Below a best of the last months Data News, mainly the best articles about the AI and data ecosystem that I've came across, it's a great reading list.

AI News 🤖

  • The consumer AI companies are working on changing the way we browse and consume internet
    • OpenAI brought to ChatGPT new integrations like shopping and courses. This is a new way to consume the web, ChatGPT shopping will be a way to monetise but also a paradigm shift in how we use internet, OpenAI is trying to rebuild a web from within a chat, shortcutting the browser. But they also release a browser this week, named Atlas.
    • Browsers are getting more and more AI capabilities, whereas it's Dia or Comet, the goal is to give AI browsing capabilities like if it's human. Might be a transitional phase until the whole web gets destroyed because of bots and usual websites disappears?
  • From GPT-2 to gpt-oss: analysing the architectural advances — This is a great architectural deep-dive to understand the architecture behind all the GPTs. What layers are used, how gpt-oss compares with Qwen etc. If you're French, Defend Intelligence redeveloped a GPT for a YouTube video.
  • The upcoming GPT-3 moment for RL — Small essay about the current state of reinforcement learning which need to move from being task-specific to scale. Scaling RL would require something like replication training as a set of specs to reproduce complex RL scenarii.
  • AI vs Gen Z — How AI has changed the career pathway for junior developers. It has been posted on Stack Overflow blog, which ironically has been also very impacted by AI in the last 2 years. It describes well the current situation, being a junior developper was already difficult and AI made it worse (25% decrease in junior job posting in 2024), and the employment for Software engineers has decreased nearly 20% since 2022 peak.

    After years of considering SE like a promising career, AI is changing everything, we don't learn as mush as before, we don't need intern or juniors, salaries might decrease if the job become less complex. But if you don’t hire junior developers, you’ll someday never have senior developers.
  • Use LLMs to analyse postmortems at Zalando — Large companies often have a large number of postmortems (memo written after incidents) and it might be a great use of AI. They designed a multi-stage pipeline with: summarisation, classification, analyse, patterns and opportunity.
  • How I got the highest score on ARC-AGI again swapping Python for English — ARC-AGI is a benchmark doing an intelligence test designed to measure pattern recognition over puzzles that humans can easily solve.
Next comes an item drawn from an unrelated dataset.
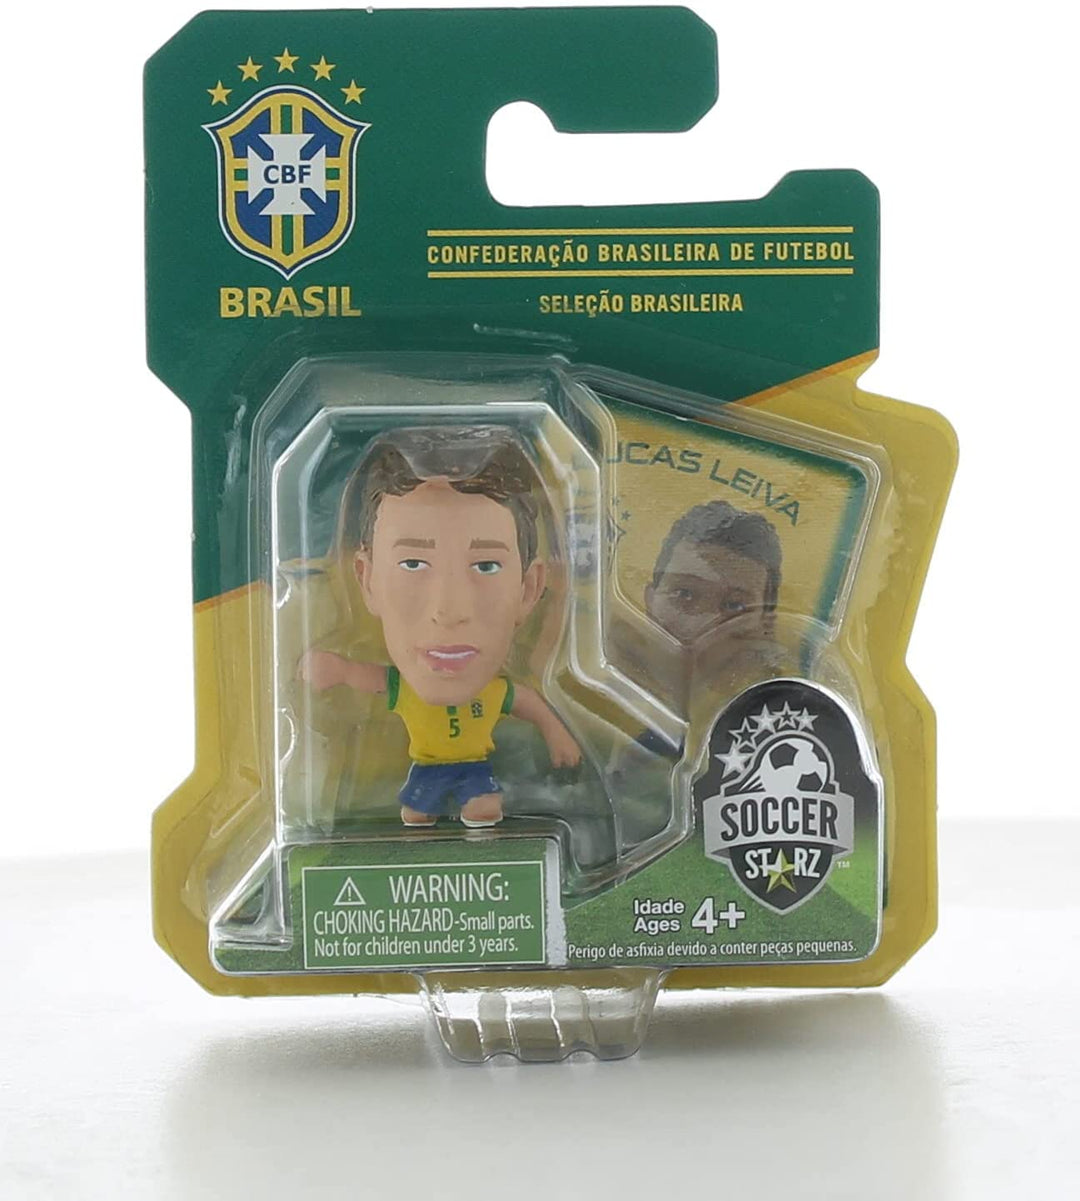 SoccerStarz Brasil International Figurine Blister Pack con el kit de local de Lucas Leiva

    Currently an human panel score 98%, while GPT-5 Pro scores 18%. The author of the article successfully score 29% when switching from code to English.
  • An unusual consequence of AI coding"What AI coding has taken away is the time where you know exactly what you want to implement and have a rough mental model of how to do it [...] There was a beauty and joy to this part that I miss, a flow state you can hit with a nice linear progression". Probably what factory workers might have said when their factory got automated? We don't have to think the way we were thinking before.

    Related: Dumb Cursor is the best Cursor.
  • Basic facts about GPUs — Explains how GPUs compute and memory work and the different performance regimes: memory-bound, compute-bound and overhead.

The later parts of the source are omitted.